Spark:将 UDF 应用于 Dataframe 基于 DF 中的值生成新列 [英] Spark: Applying UDF to Dataframe Generating new Columns based on Values in DF
问题描述
我在 Scala 中转置 DataFrame
中的值时遇到问题.我最初的 DataFrame
看起来像这样:
I am having problems transposing values in a DataFrame
in Scala. My initial DataFrame
looks like this:
+----+----+----+----+
|col1|col2|col3|col4|
+----+----+----+----+
| A| X| 6|null|
| B| Z|null| 5|
| C| Y| 4|null|
+----+----+----+----+
col1
和 col2
是 String
类型,col3
和 col4
是 Int
.
col1
and col2
are type String
and col3
and col4
are Int
.
结果应该是这样的:
+----+----+----+----+------+------+------+
|col1|col2|col3|col4|AXcol3|BZcol4|CYcol4|
+----+----+----+----+------+------+------+
| A| X| 6|null| 6| null| null|
| B| Z|null| 5| null| 5| null|
| C| Y| 4| 4| null| null| 4|
+----+----+----+----+------+------+------+
这意味着这三个新列应该以 col1
、col2
和提取值的列命名.提取的值来自 col2
、col3
或 col5
列,具体取决于哪个值不是 null
.
That means that the three new columns should be named after col1
, col2
and the column the value is extracted. The extracted value comes from the column col2
, col3
or col5
depending which value is not null
.
那么如何实现呢?我首先想到了这样的 UDF
:
So how to achieve that? I first thought of a UDF
like this:
def myFunc (col1:String, col2:String, col3:Long, col4:Long) : (newColumn:String, rowValue:Long) = {
if col3 == null{
val rowValue=col4;
val newColumn=col1+col2+"col4";
} else{
val rowValue=col3;
val newColumn=col1+col2+"col3";
}
return (newColumn, rowValue);
}
val udfMyFunc = udf(myFunc _ ) //needed to treat it as partially applied function
但是我如何以正确的方式从数据框中调用它?
But how can I call it from the dataframe in the right way?

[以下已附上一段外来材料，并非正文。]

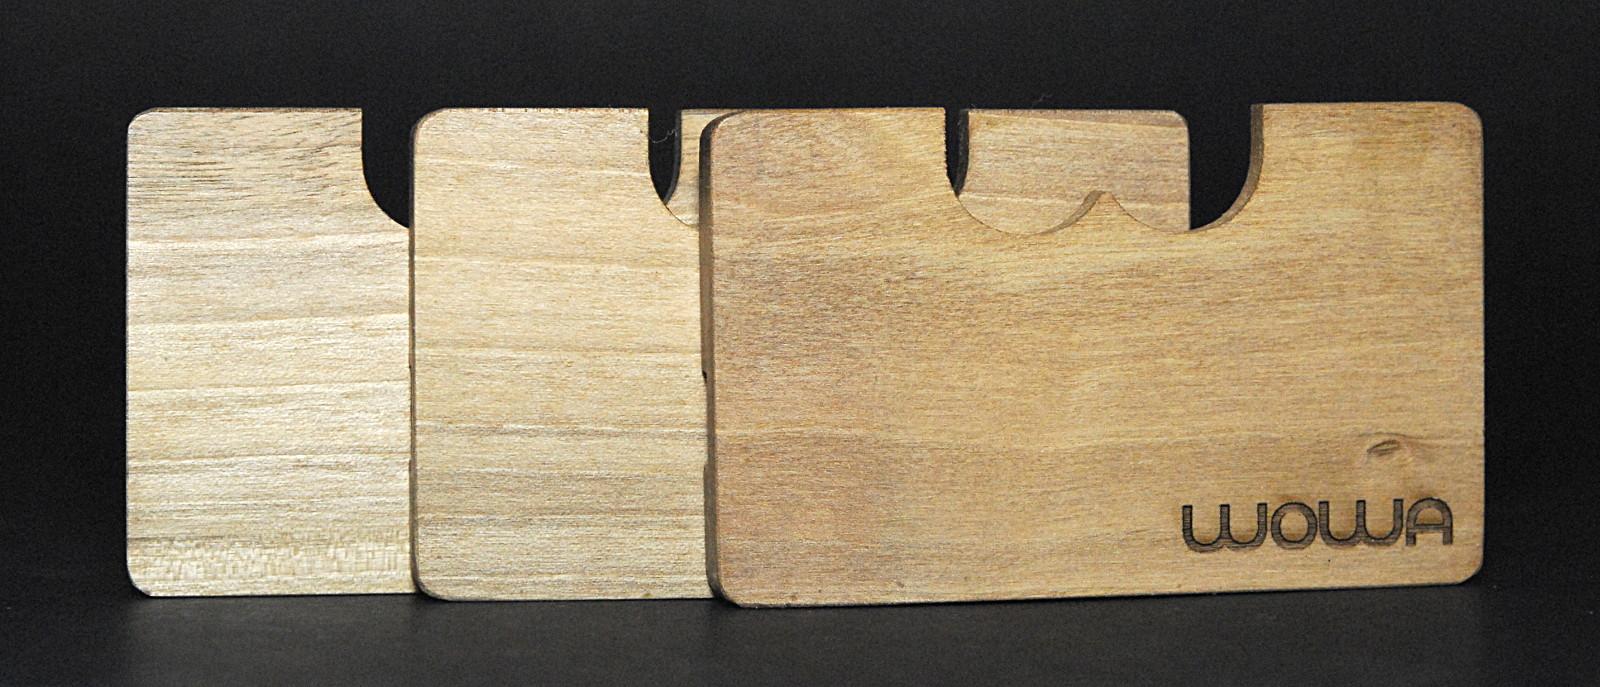 WOWA Gdansk Walnut, product photo 1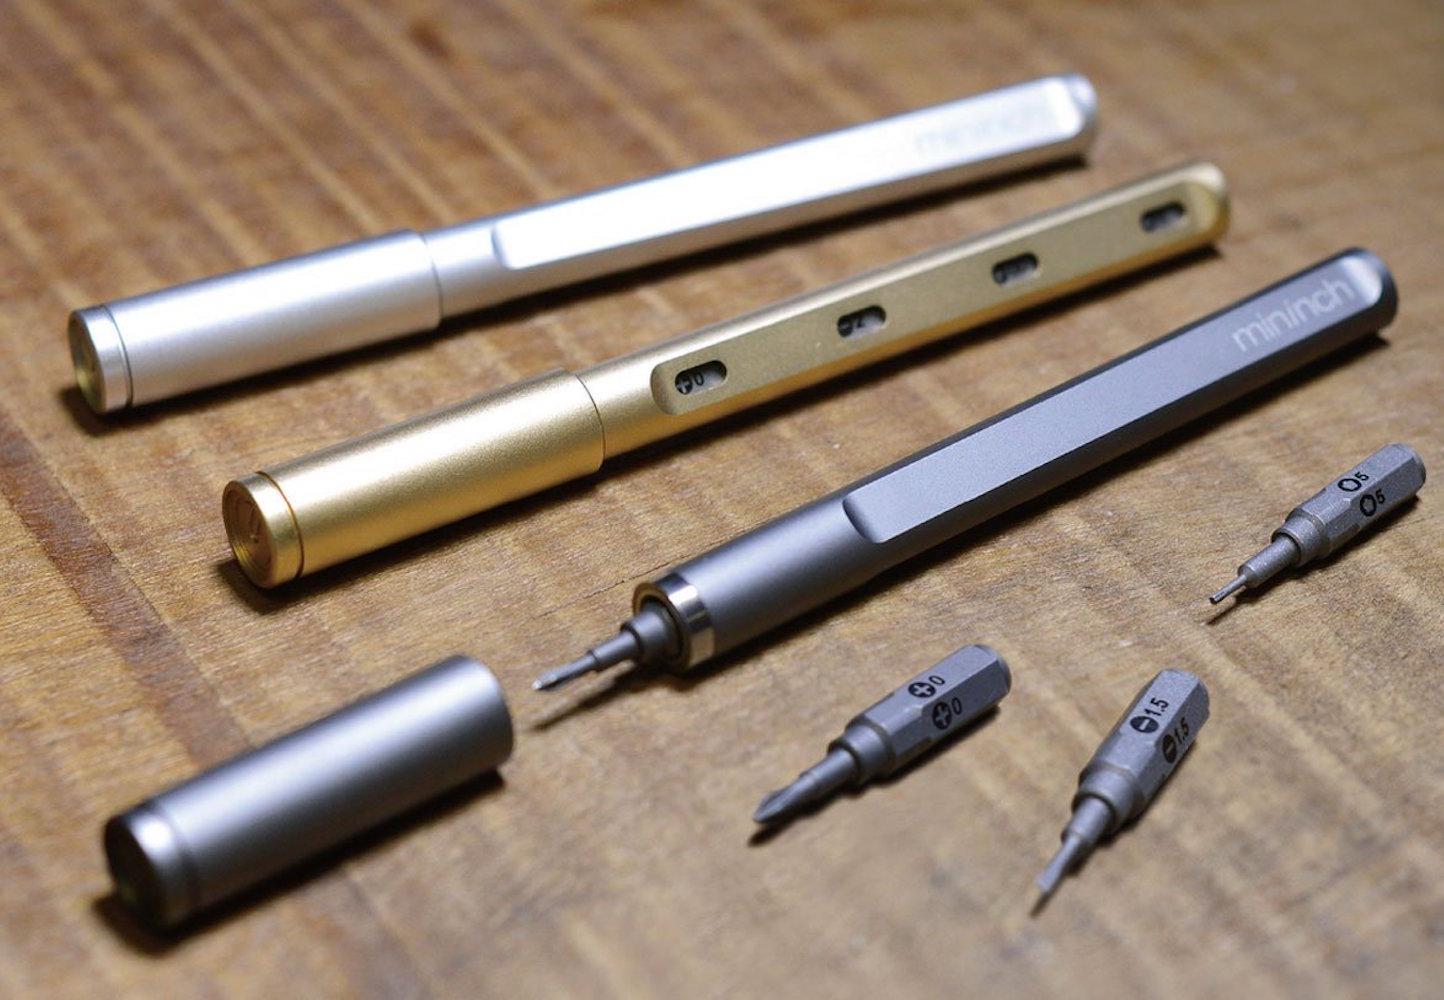 Mininch+Tool+Pen+Mini

当然,上面的所有代码都是垃圾,可能有更好的方法.因为我只是在处理第一个代码片段,所以让我知道......将 Int
值与 null
进行比较已经不起作用.
Of course, all code above is rubbish and there could be a much better way. Since I am just juggling the first code snippets let me know... Comparing the Int
value to null
is already not working.
感谢任何帮助!谢谢!
推荐答案
有一个更简单的方法:
val df3 = df2.withColumn("newCol", concat($"col1", $"col2")) //Step 1
.withColumn("value",when($"col3".isNotNull, $"col3").otherwise($"col4")) //Step 2
.groupBy($"col1",$"col2",$"col3",$"col4",$"newCol") //Step 3
.pivot("newCol") // Step 4
.agg(max($"value")) // Step 5
.orderBy($"newCol") // Step 6
.drop($"newCol") // Step 7
df3.show()
步骤如下:
- 添加一个新列,其中包含与 col2 连接的 col1 的内容
- //添加一个新列,value",其中包含 col3 或 col4 的非空内容
- 按你想要的列分组
- 以 newCol 为中心,其中包含现在将成为列标题的值
- 按值的最大值聚合,如果 groupBy 是每个组的单值,则该值本身就是值;或者
.agg(first($"value"))
如果 value 恰好是字符串而不是数字类型 - max 函数只能应用于数字类型 - 按 newCol 排序,所以 DF 是升序
- 在您不再需要时删除此列,如果您想要一列没有空值的值,请跳过此步骤
- Add a new column which contains the contents of col1 concatenated with col2
- // add a new column, "value" which contains the non-null contents of either col3 or col4
- GroupBy the columns you want
- pivot on newCol, which contains the values which are now to be column headings
- Aggregate by the max of value, which will be the value itself if the groupBy is single-valued per group; or alternatively
.agg(first($"value"))
if value happens to be a string rather than a numeric type - max function can only be applied to a numeric type - order by newCol so DF is in ascending order
- drop this column as you no longer need it, or skip this step if you want a column of values without nulls
感谢@user8371915,他首先帮助我回答了我自己的枢轴问题.
Credit due to @user8371915 who helped me answer my own pivot question in the first place.
结果如下:
+----+----+----+----+----+----+----+
|col1|col2|col3|col4| AX| BZ| CY|
+----+----+----+----+----+----+----+
| A| X| 6|null| 6|null|null|
| B| Z|null| 5|null| 5|null|
| C| Y| 4| 4|null|null| 4|
+----+----+----+----+----+----+----+
您可能需要使用列标题字符串连接来获得正确的结果.
You might have to play around with the column header strings concatenation to get the right result.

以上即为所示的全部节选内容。